Enduro 26 or Stumpy 29?

Hi Lee,

My name is Juscelino, I´m from Brazil. I hide a lot gnarly and steep sections with a lot of rockgardens, I love long rides (4-7h), mainly singletracks more technical betters. 🙂

Well, today I´m riding a stumpy fsr carbom pro 2011, I´ve had a lot of problems with my fork, it went 3 times to warranty and no resolution until now. This year I´ll go to EUA to a meeting, and I´m planning to buy a new bike, I´m thinkin in a Enduro Sworks 2012 or a SJ FSR Sworks 29er, what do you recomend? My riddings are all just for pleasure, I´m not in races.

best regards,
Juscelino


Hey Juscelino,

I’ve been considering the same question.

Ordinarily the distinction between the Enduro and Stumpjumper is pretty clear:

• Enduro is a mini DH bike that can be climbed pretty well.

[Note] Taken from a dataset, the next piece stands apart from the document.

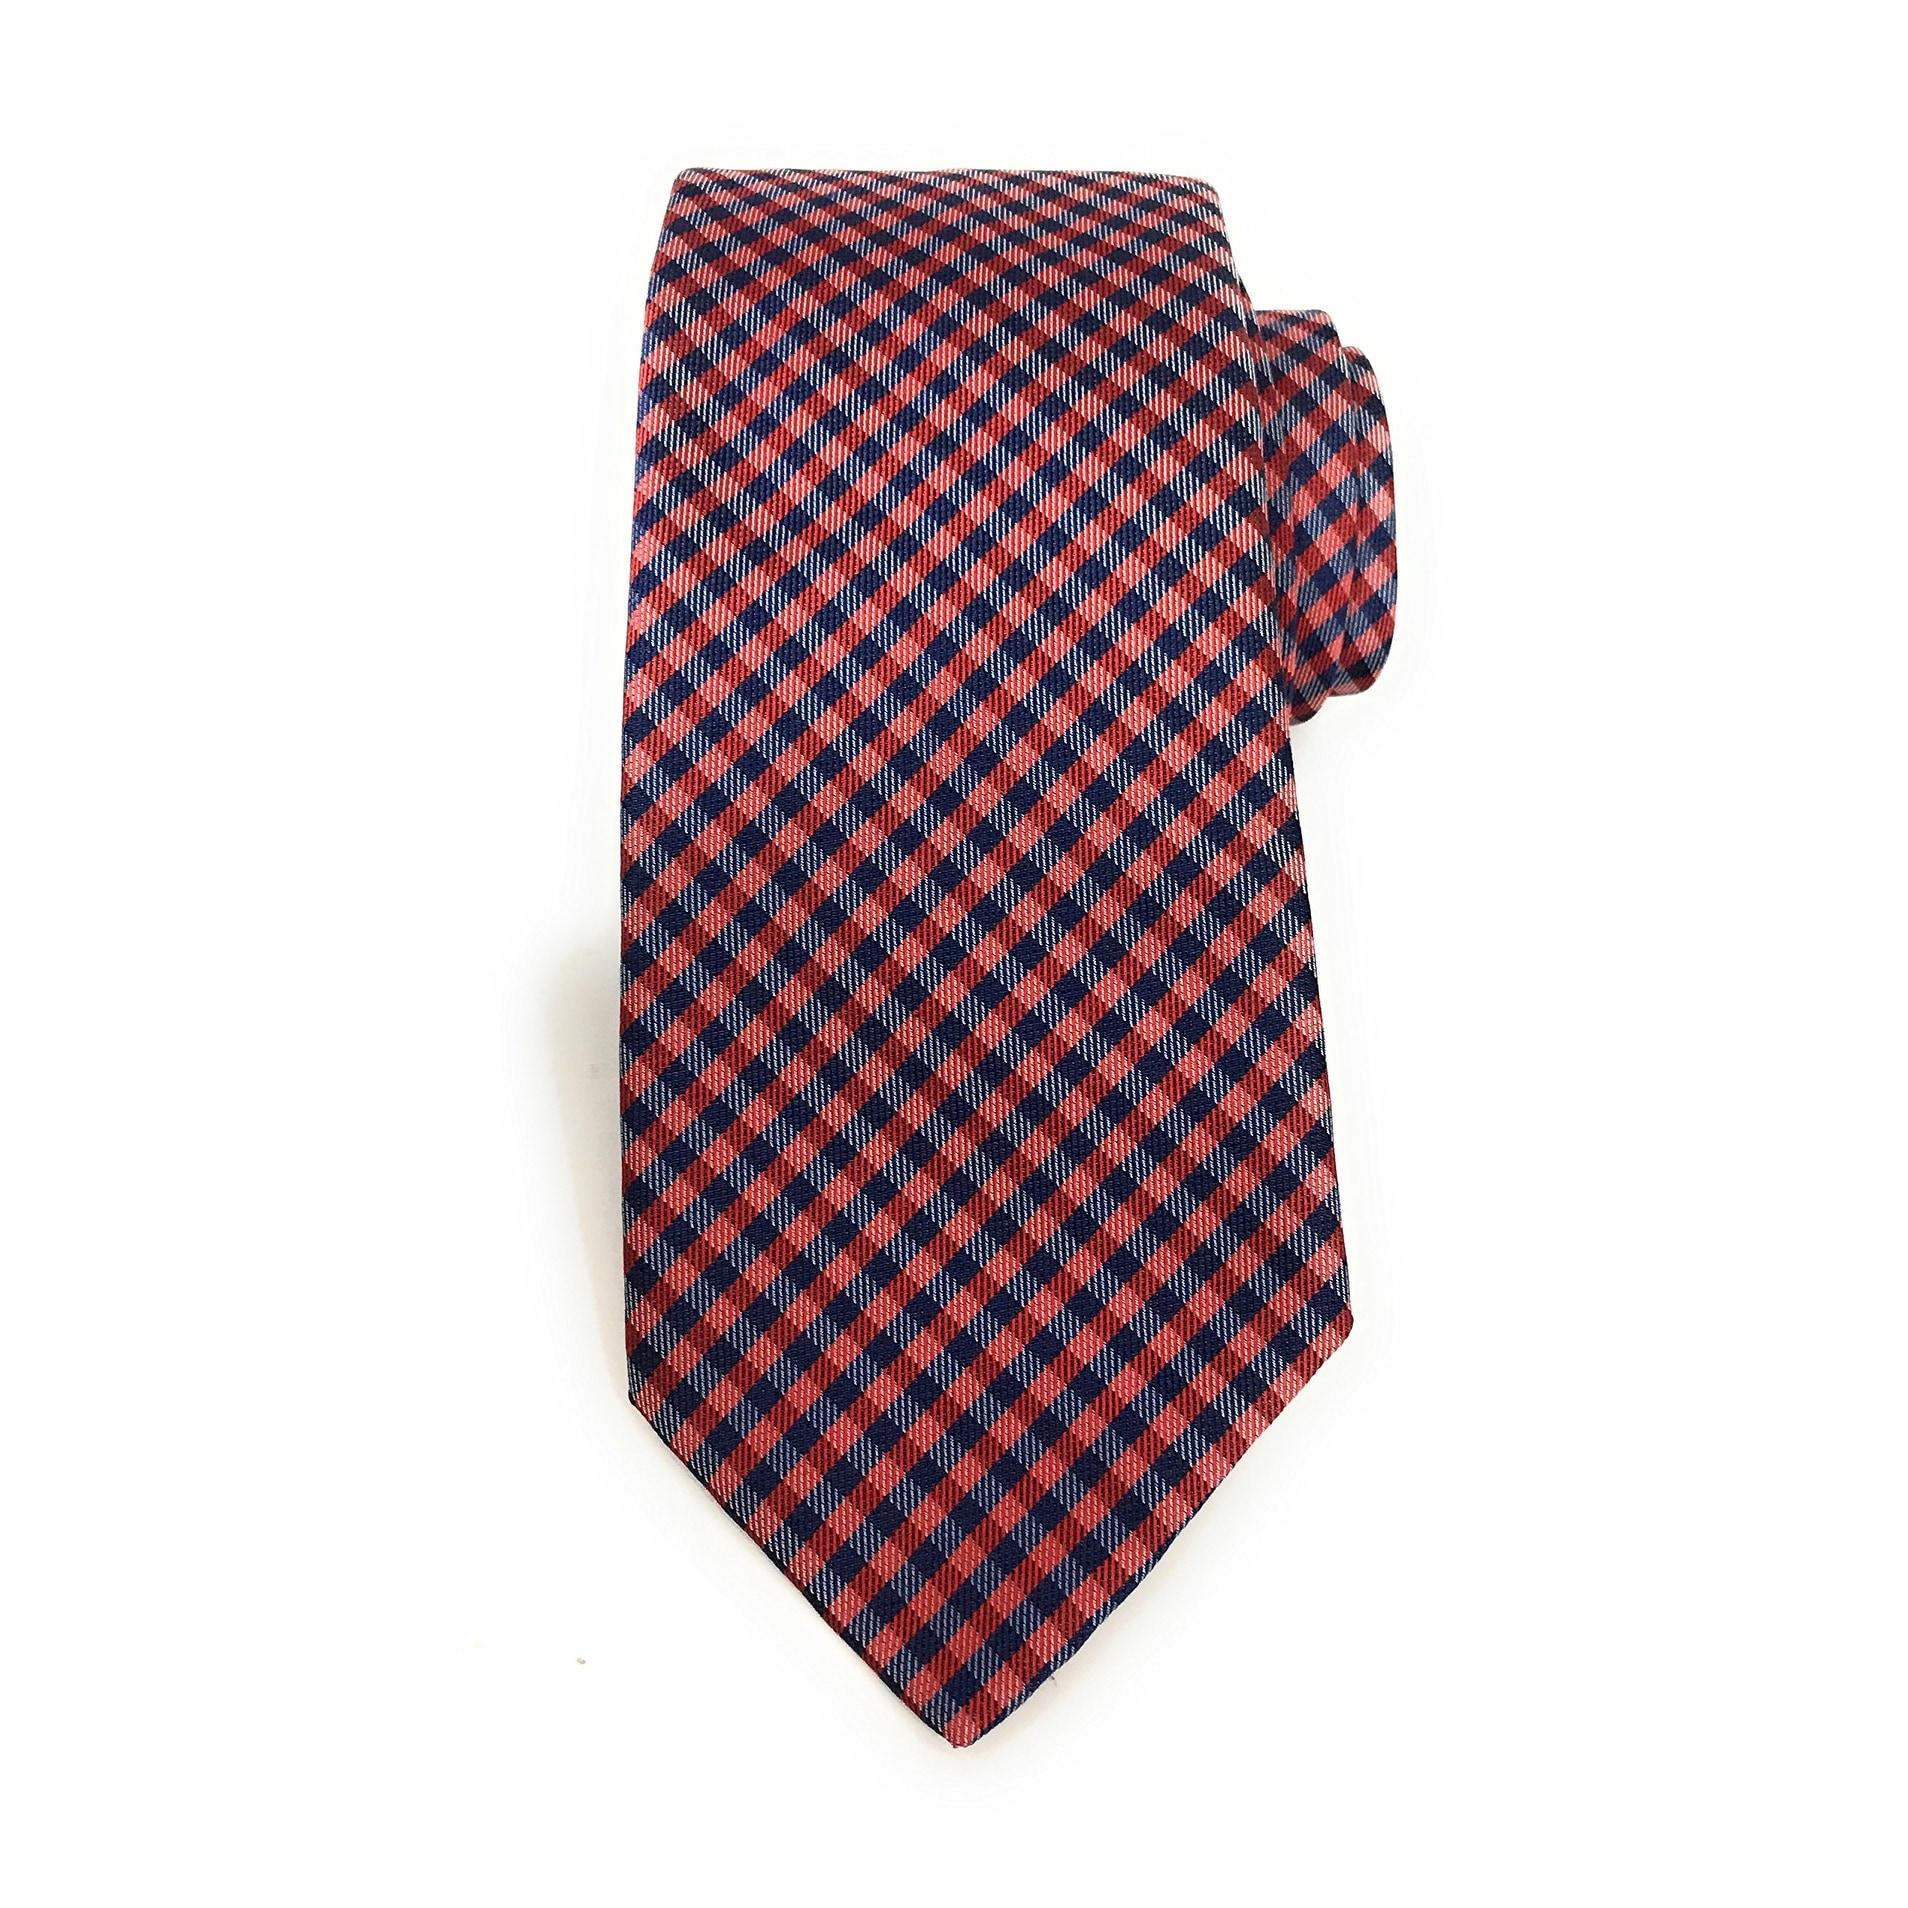 e62e36954 ... coupon for shop boss hugo boss new red blue mens one size gingham  skinny neck tie

• Stumpjumper FSR is more of an all-around trail bike that rips both up and down.

A strong, skilled rider can rip on either bike. Your choice comes down to your terrain and style: How gnarly are the trails relative to your skill? How important is efficiency over the long ride? Do you attack or survive climbs? Do you attack or survive descents?

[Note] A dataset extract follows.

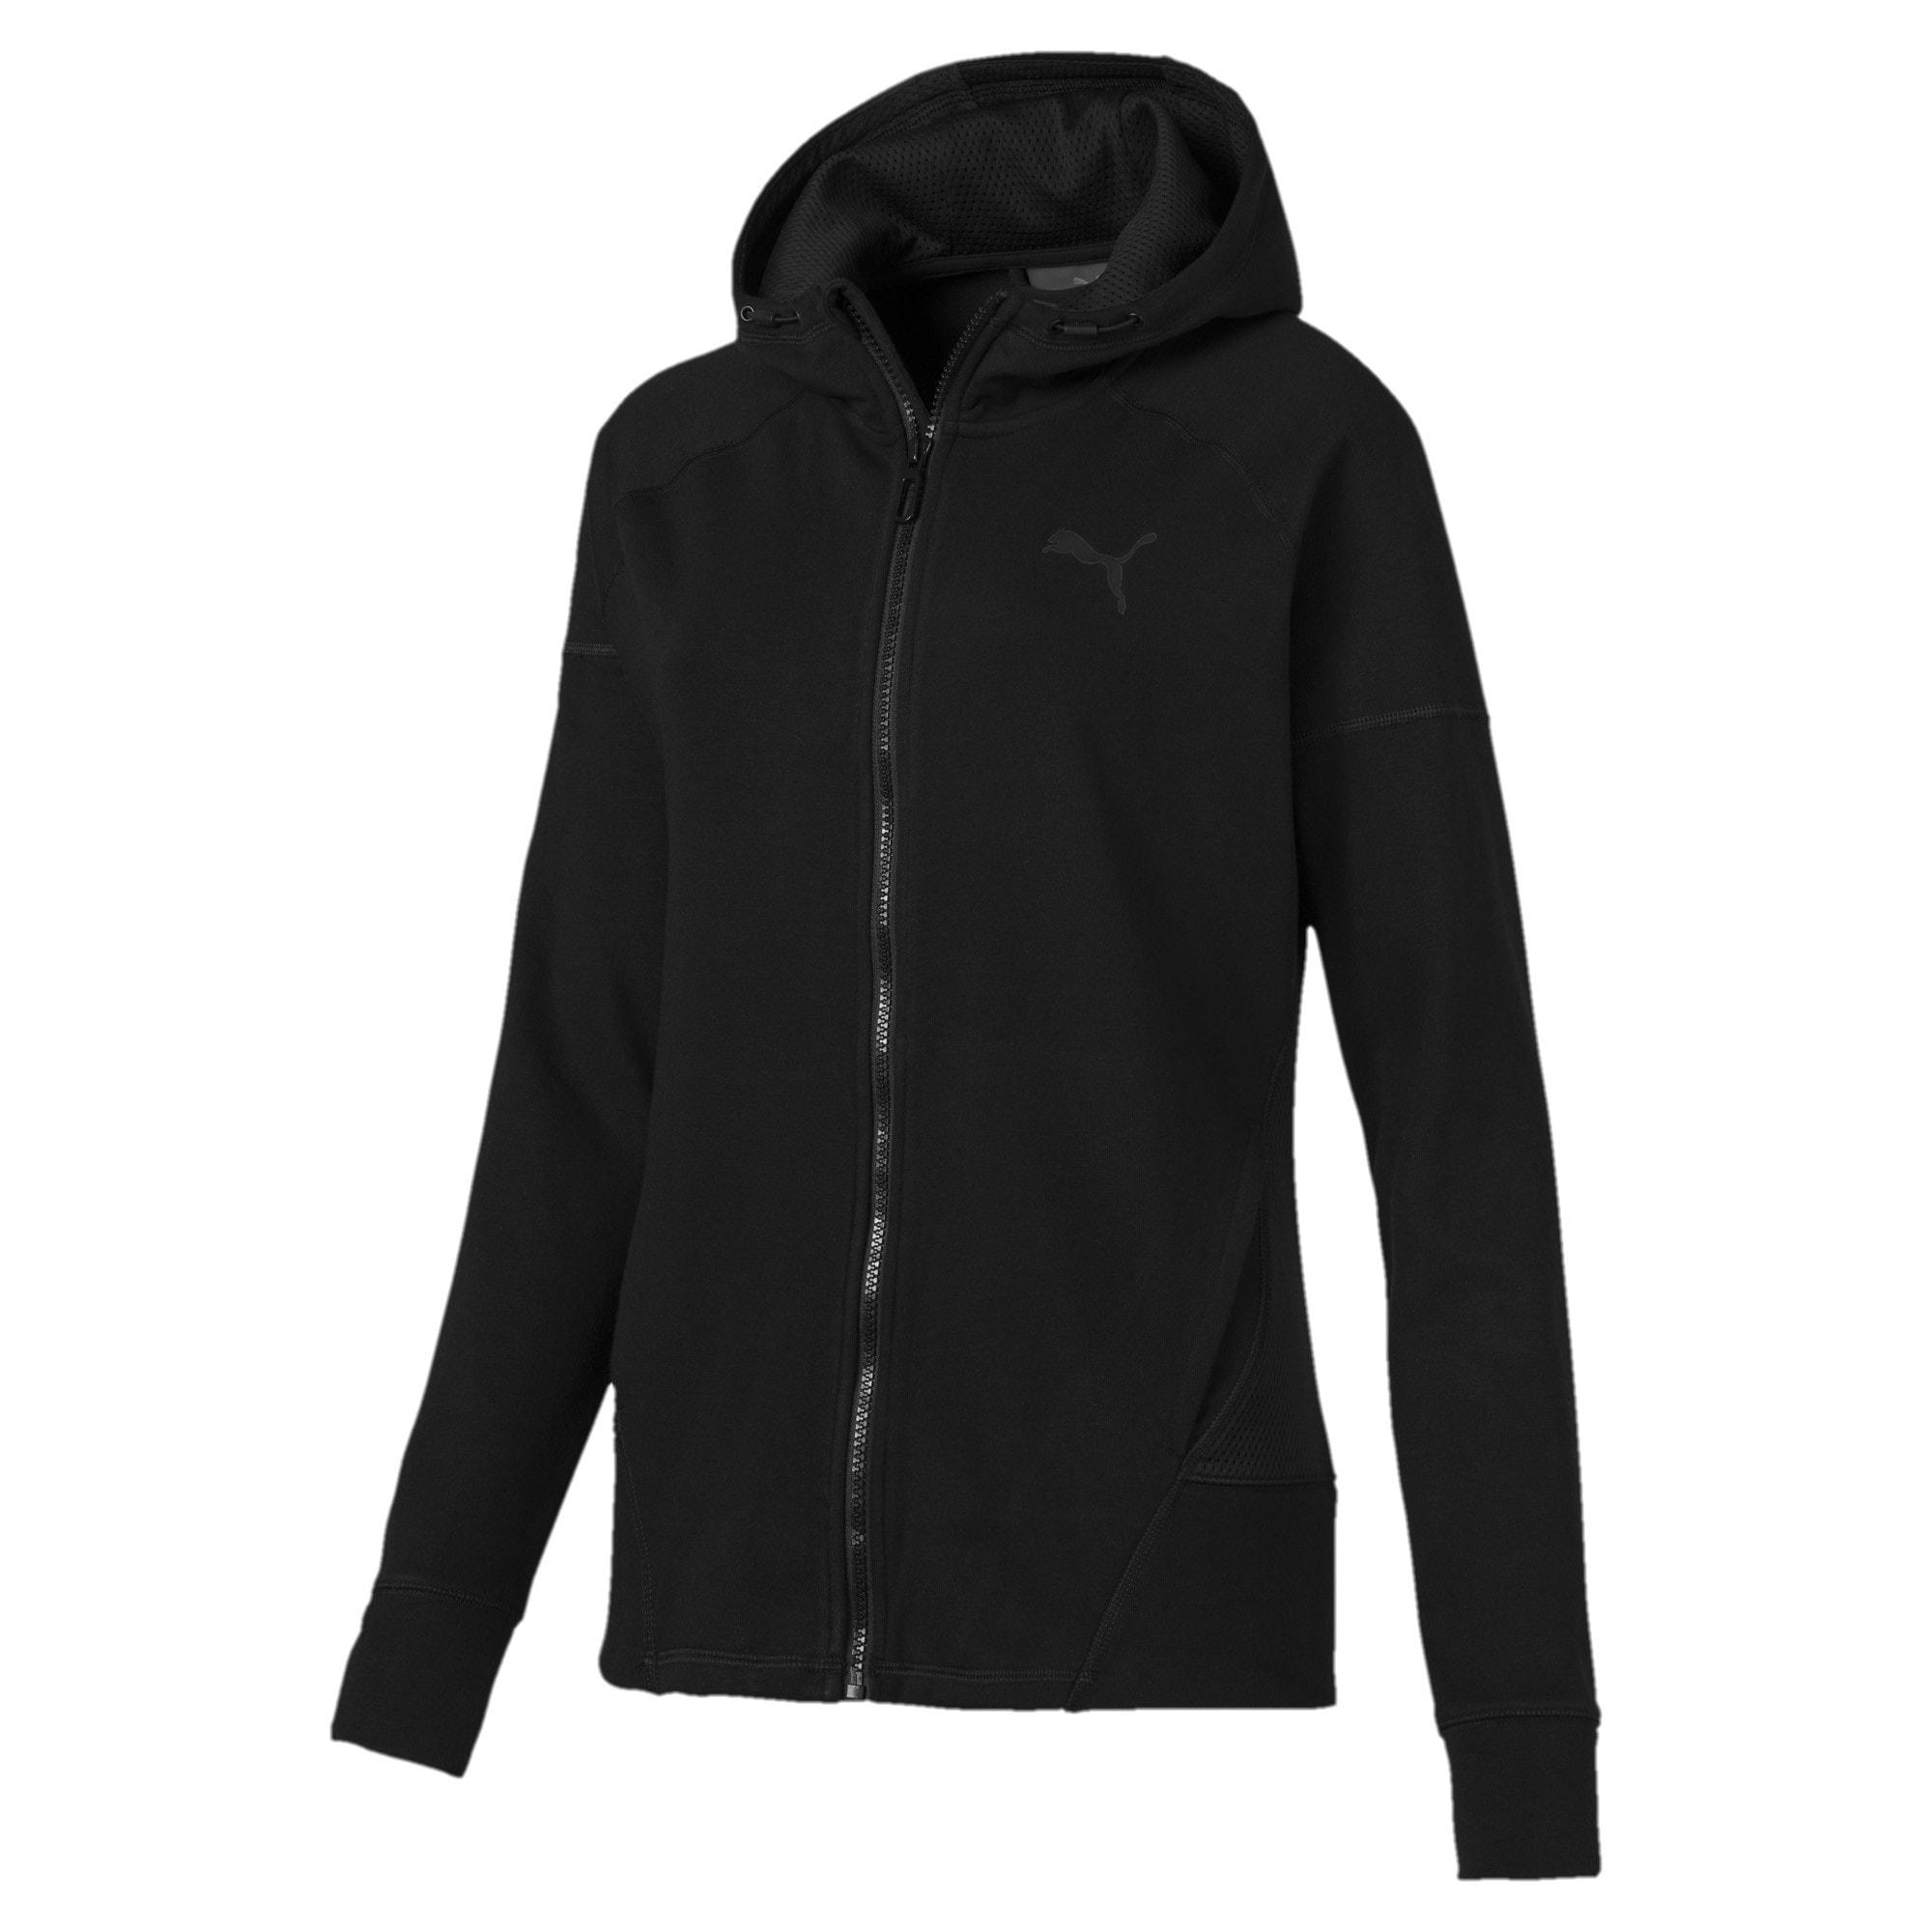 Thumbnail 4 of Yogini Knitted Full Zip Women's Track Jacket, Cotton Black, medium-IND

For me, the Stumpy 26 is enough bike for almost any trail ride. I treat my Enduro like a mini DH bike; it only comes out for the gnarliest adventures — usually when the other riders are rocking DH bikes. But I’m an older, somewhat skilled and rather careful rider.


I suppose I could ride this trail on the Stumpy 26, but I was glad to have the Enduro-with-Fox-36’s slackness and stiffness. When the snow melts, I’ll try the Red Trails on the Stumpy 29.

When you slap 29-inch wheels onto the Stumpy, that changes things. The Stumpy 29 has less travel than the Stumpy 26, but the wheels do a lot of work to smoothen and stabilize the ride. Relative to a Stumpy 26, a Stumpy 29 is going to feel like it has longer travel.


Testing a Stumpy 29 Comp at Brain shocks are incredible.

My Stumpy 29 is going to be all business: carbon frame, carbon wheels, XTR crankset, XTR Shadow Plus rear derailleur, XTR Trail brakes, Fox RP23 shock and a Fox 34 fork (huge thanks to the folks at Specialized, Shimano and Fox!). The resulting bike should be really fun on normal trails — and it should rip the gnar too. I can’t wait to find out.

Braaap!

Lee

BTW: At a Specialized dealer in Steamboat Springs, CO, they call the Stumpy 29 “The Enduro Killer.”